We recently discovered that the anti-glaucoma pharmaceuticals timolol, a β adrenergic antagonist, and pilocarpine, a cholinergic compound, negatively influence the morphology, proliferative capacity and survival of human meibomian gland epithelial cells (HMGECs). We hypothesize that another class of anti-glaucoma drugs, the α2 adrenergic agonists, also acts directly on HMGECs to affect their structure and function. We tested this hypothesis. Immortalized (i) HMGECs were cultured with brimonidine, as well as clonidine (α2 agonist), phenylephrine (α1 agonist), RX821002 (inverse α2 agonist) and MK912 (neutral α2 agonist) for up to 7 days.

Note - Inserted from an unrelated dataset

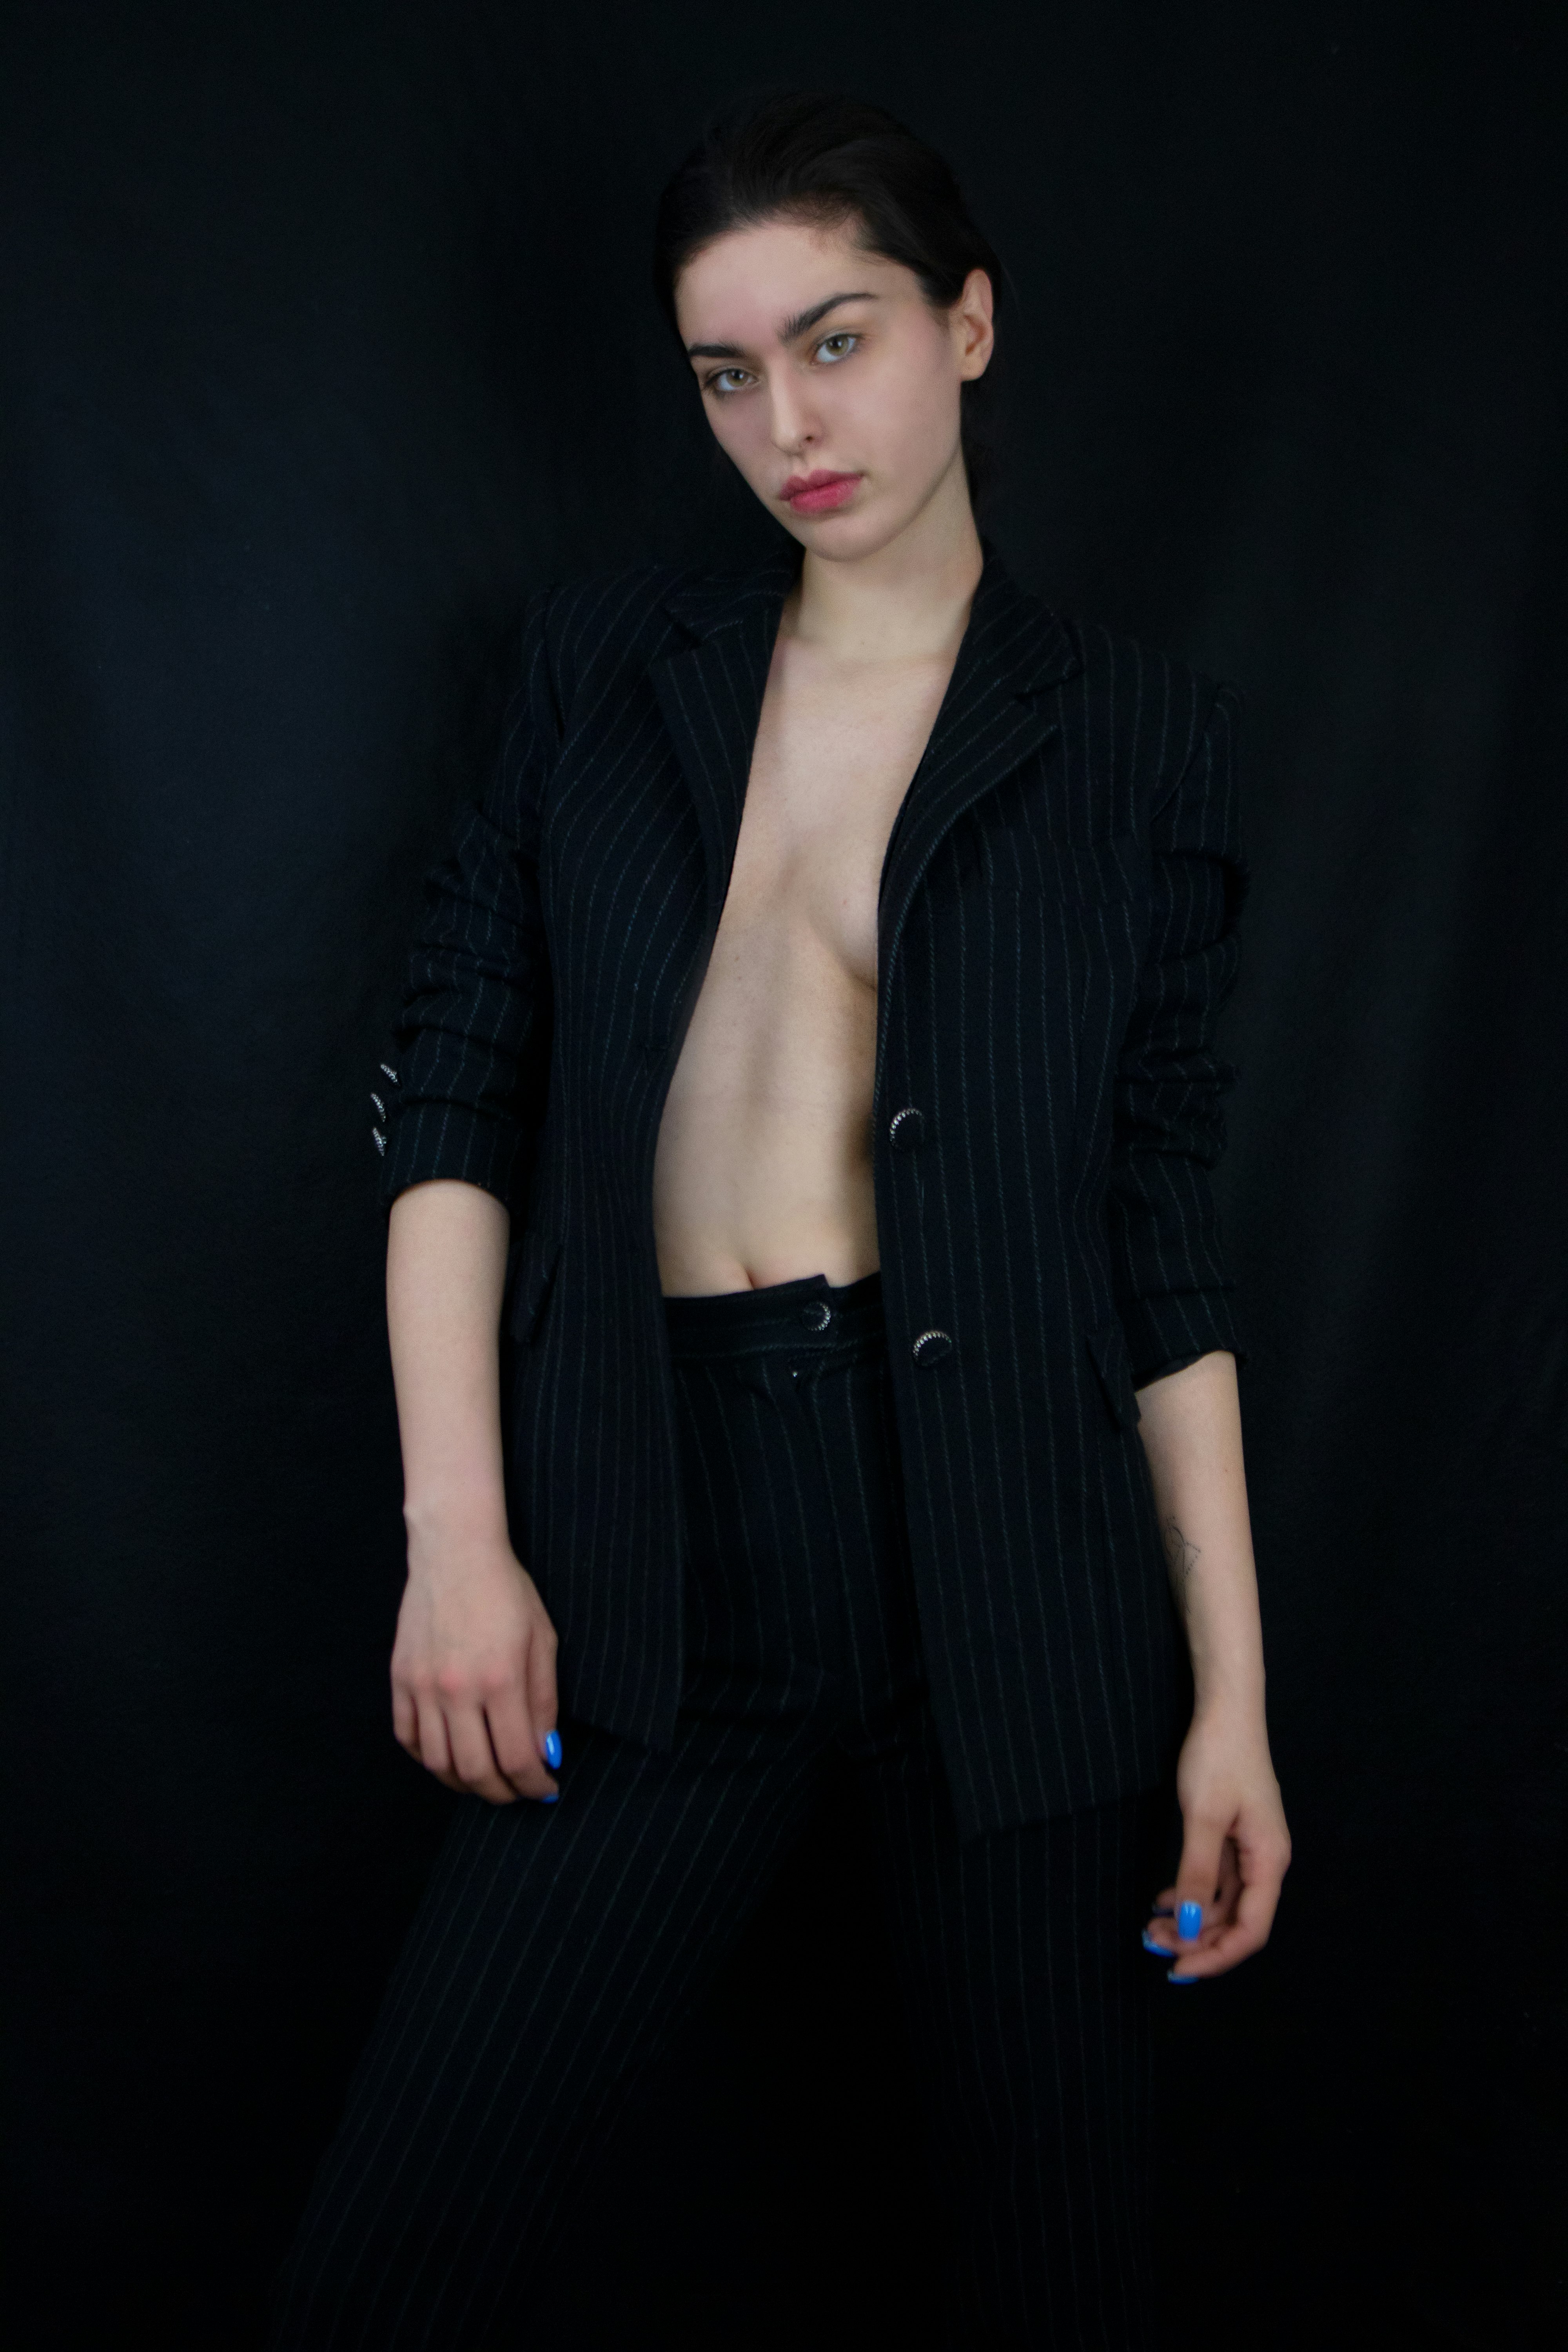 woman in black cardigan standing

Cells were counted with a hemocytometer, and evaluated for morphology, signaling pathway activity, protein biomarker expression, and the accumulation of neutral lipids, phospholipids and lysosomes. Our findings demonstrate that brimondine treatment induces a dose-dependent decrease in Akt signaling and proliferation of iHMGECs. In contrast, brimonidine also promotes a dose-dependent differentiation of iHMGECs, including an increase in neutral lipid, phospholipid and lysosome levels. These effects were paralleled by an inhibition of p38 signaling, and duplicated by cellular exposure to clonidine, but not phenylephrine. Brimonidine also enhanced the cellular content of sterol regulatory binding protein-1, a master regulator of lipid synthesis. Of particular interest, the putative α2 antagonists, RX821002 and MK912, did not interfere with brimonidine action, but rather stimulated IHMGEC differentiation. Our results support our hypothesis and demonstrate that α2 adrenergic agonists act directly on iHMGECs. However, these compounds do not elicit an overall negative effect. Rather, the α2 agonists promote the differentiation of iHMGECs.